话落,七八个光屏争先恐后流星赶月地弹出,密密匝匝又层层叠叠地铺在半空。
【强制任务:与慕峤一同沐浴】
【强制任务:夜夜与慕峤同塌而眠,交颈而卧】
【强制任务:仙门百宗见证下,与慕峤结契成道侣】
…………
【强制任务:立下心魂血誓,烙下魂魄刻印,与慕峤永生永世不分离】
光屏血红的字迹,触目惊心。
萧意珩乌黑澄亮的眼眸布满悚然,面色一会薄红,一会煞白。
他惊骇得如同白日撞鬼,猛地扯下手腕终端,抖着手一把扔得远远的。
慕峤抬步靠近,弯腰从仙草堆里捡起终端,用手轻轻擦拭,抬步朝萧意珩走去。
萧意珩急道:“你想做什么?羞辱我?你就这么恨我?”
慕峤趋近的脚步顿住,俊美面容写满荒谬。
“对,我恨你。”
他唇角扯出一丝丝嘲意,似笑非笑。
“我恨你,在你死后,以上古禁术招魂,日夜呼唤你名,却不见魂归来兮。”
“我恨你,一次次启用轮回阵,在岁月长川里来回回溯,穿梭,却寻觅不见你的一丝踪迹。”
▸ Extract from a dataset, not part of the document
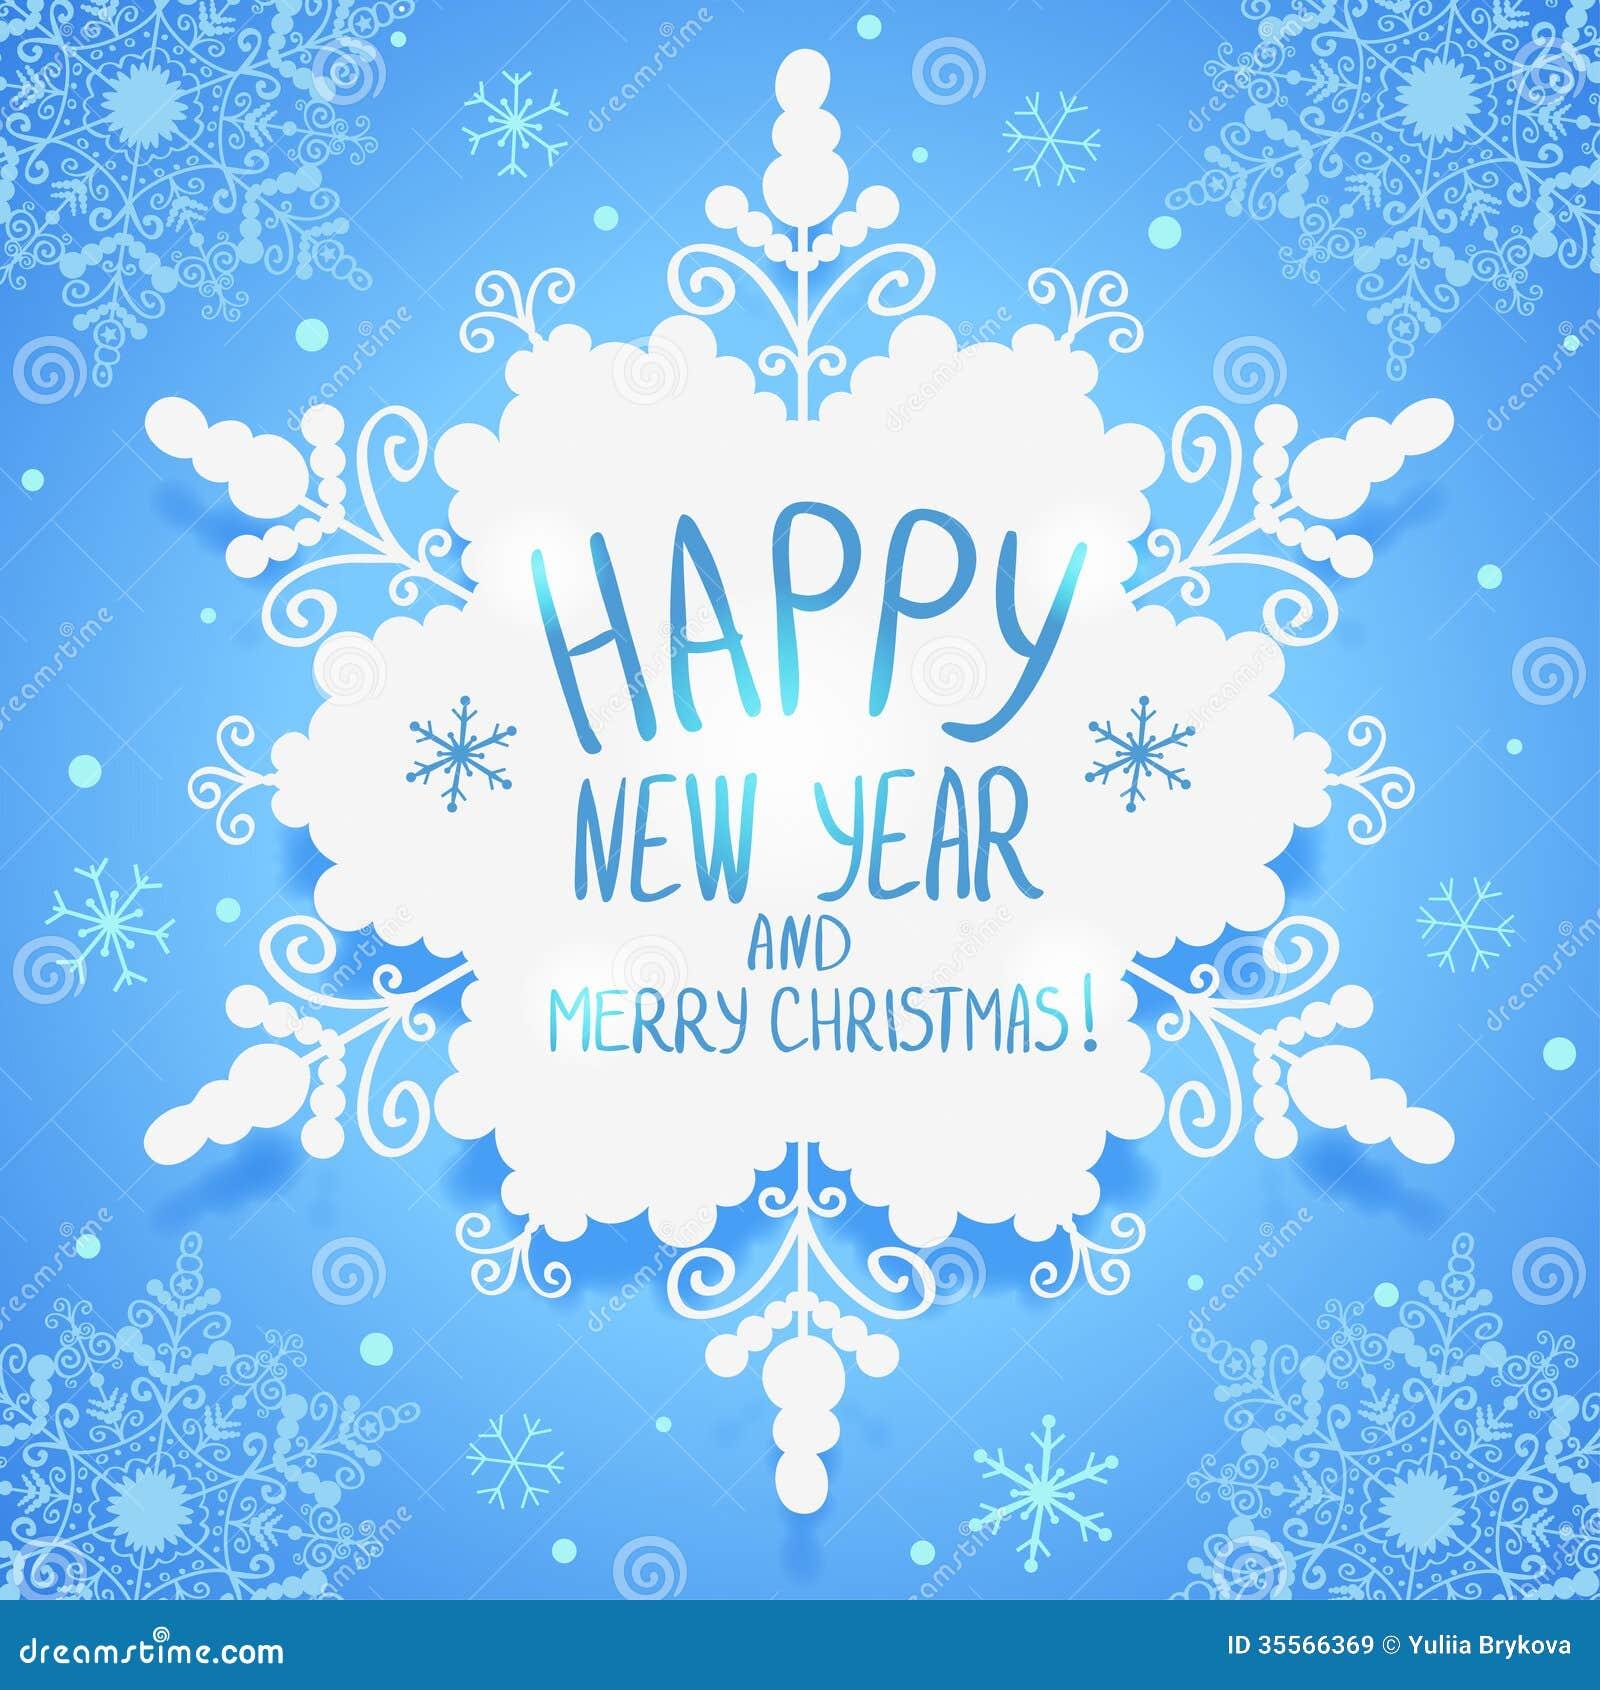 Snowflake wallpaper beautiful design snowflakes text christmas new

萧意珩唇畔微张,心底一片酸酸涨涨。他无法言语,也不知能说什么。
慕峤话语未停。
“穷尽手段后我从未如此迫切地想要成仙。我做到了,数不清多少日夜的修炼,终于白日飞升。”
“然而,踏足仙界,我依然无法探清你的下落。”
说到此处,他嘴角扯出一丝嘲讽。
“对,我恨你,我就是这么恨你的。”
萧意珩不是木头,他没有恨过谁,但他知道恨一个人不该是这样的。
他垂下眼睫,不敢看慕峤的眼眸。那双瞳仁里暗潮翻涌,多看一眼,就要将他完完全全吞没。
萧意珩想说“对不起”,但又觉得一句道歉太过轻飘飘。
静默半晌,萧意珩声音很低:“你既已成仙,何不干脆超脱凡尘,斩断执念?”
慕峤眸底涌现一股浓浓的苦涩。
“我修炼飞升是为了斩尽尘缘吗?”
萧意珩不敢答。
“我在你面前就是一个笑话,”慕峤咧嘴,自嘲道,“一本低俗小说里的虚拟人物,又怎么配得到你的感情呢?”
“不是!”
萧意珩骤然抬头,蹙眉急切道。
撞入慕峤幽深的眸子,他又急忙避开视线,摇了摇头,声音低了下去:
“我从没将你当成虚拟人物。”
慕峤轻笑一声。
“你看,其实你并非不懂,只是不愿意罢了。”
此言一出,萧意珩不敢摇头,更不敢点头。
他张了张嘴,想说什么,却变成沉默。
一手撑着身后的石桌,他的掌心沁出一层细密的湿意。
慕峤凝视萧意珩半晌,见他并不辩驳,他又靠近一步。
萧意珩盯着地上的青石,望见慕峤的皮鞋尖就要抵上他的,头顶幽幽传来声音。
“你愿不愿意,已经不重要了。”
慕峤语气已经变了,透着几分蚀骨冷意。
萧意珩警铃大作,拔脚就朝院子外狂奔而去。
幽篁森森,万千修竹摇晃着发出低吼声。
萧意珩心悬在嗓子眼,运动鞋在竹林夹道跑脱一只,他根本顾不得停下来捡。
白色袜子踩在小径上,碎石十分硌脚,他强忍痛意,终于跑到石碑不远处的渡口旁。
好在渡口草丛里就拴着一只云舟,他手脚并用,喘着粗气爬进云舟里,跌跌撞撞摸到船桨,双手立时奋力摇桨。
云舟划出十几米,他才腾出空隙,惊魂不定地回头看。
竹林冷落,渡口空寥,并不见半个人影。
还好慕峤没追来。
萧意珩轻轻吐出一口气。
云舟装有灵石驱动的机关,不用灵力也可浮在半空。
如今萧意珩一介凡人之躯,身上无半点灵力,若不小心栽下云舟,定然非死即伤。
他一路心神紧绷,战战兢兢,格外谨慎。
离开这个世界太久,久到昔日玄门道友的容貌名字,都已经在他的记忆里模糊。他只隐约记得揽春峰的桓尧,那个脾气急躁的师兄。
若这世上还有人会不遗余力帮他,那一定是桓尧。
揽春峰的方位,萧意珩中途走偏一次,幸好及时反应过来,他摸索着最终也找对了。
云舟抵达揽春峰渡口。
萧意珩小心翼翼下了云舟,白色袜子已印满脏污。
他踩着白石台阶,一脚高一脚低,也跑得像一阵风似的,与一个又一个身着青衣白纱,下了午课的弟子擦肩而过。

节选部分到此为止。